Por esa misma hora (las 23) Vidal ya decía que en la provincia Cambiemos estaba haciendo “una elección extraordinaria, avanzando minuto a minuto en la provincia, sobre la resignación, la desesperanza y el miedo, cada minuto que pasa tenemos más esperanza”.

En ella creyeron desde el principio el jefe de campaña bonaerense de la misma fuerza, Jorge Macri, quien aseguró apenas pasada las 18 que su candidata tenía “altísimas chances de ganar”, aunque no esperaba la diferencia final, sino que pronosticaba un “virtual empate” con Aníbal Fernández. Y fiel a su estilo, la líder de la Coalición Cívica, Elisa Carrió, afirmaba pasadas las 18.30 que sabía que Vidal iba a ser “la gobernadora de la provincia de Buenos Aires”.

Después vendrían los datos oficiales y el búnker de Cambiemos estallaba de euforia por un resultado que ni sus protagonistas parecían esperar, tanto para la gobernación como para la misma presidencia.

“Esta noche estamos haciendo historia”

“Esta noche estamos haciendo historia, hicimos posible lo imposible, cambiamos resignación por esperanza, tristeza por entusiasmo y alegría, pasado por futuro”. Una eufórica María Eugenia Vidal, vestida con pantalón y camisa azules, hablaba así triunfante apenas pasada la medianoche, cuando los primeros guarismos comenzaban a darla triunfadora.

Vidal repartió agradecimientos para todos lados, lo hizo con Elisa Carrió, con Ernesto Sanz, con los intendentes y candidatos de la provincia, “con toda esta gente que nos acompaña.
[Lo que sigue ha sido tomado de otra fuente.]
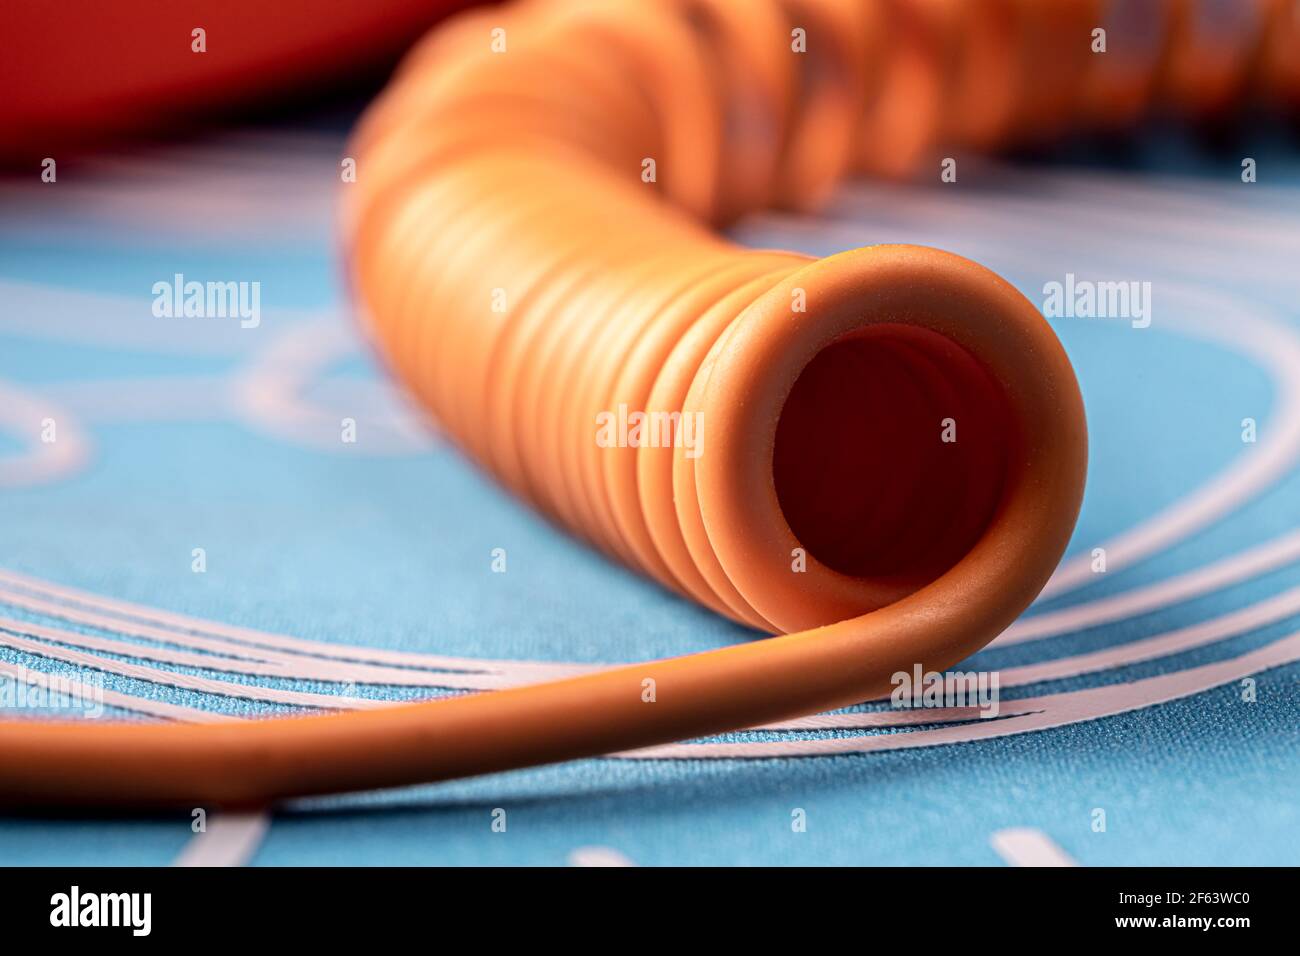 Twisted orange telephone cord on a blue background. Closeup photo with a low depth of field. Stock Photo

Un gracias enorme, gigante, por tanto amor y tanta confianza, por haber estado ahí cada vez que fui a sus casas, por este camino recorrido juntos”, afirmó.

Frente a ella, el público no paraba de bailar y de tirar globos. “Este mensaje es de diálogo, no de soberbia, es de humildad, de escuchar, de estar cerca, de trabajar mucho”, afirmó la candidata. “Y quiero que sepan que mañana voy a estar ahí, porque así soy yo, porque voy a poner cuerpo y alma, voy a trabajar porque cada vecino viva mejor”.

“Quiero decirles que escuché bien, que todos escuchamos, y que por eso no alcanzan las palabras para agradecer tanto apoyo”, insistió quien marchaba a convertirse en la gobernadora electa, y dedicó un párrafo especial “a los pobres de la provincia, que se animaron a creer en nosotros”.

Durante la noche, y en discursos anteriores, la vicejefa de Gobierno de la Ciudad Autónoma de Buenos Aires iba nombrando los distritos en los que estaban ganando. “Triunfamos en todo el interior de la provincia de Buenos Aires, en Bahía Blanca, Pergamino, San Pedro, Pilar, Baradero, Quilmes, Junín, Mar del Plata”, gritaba. Y cada vez que aparecía iba sumando distritos. “Los millones de votos con que nos encontramos esta noche dicen que se puede”, dijo. Y desde abajo repitieron: “¡Sí, se puede! ¡Sí, se puede!”.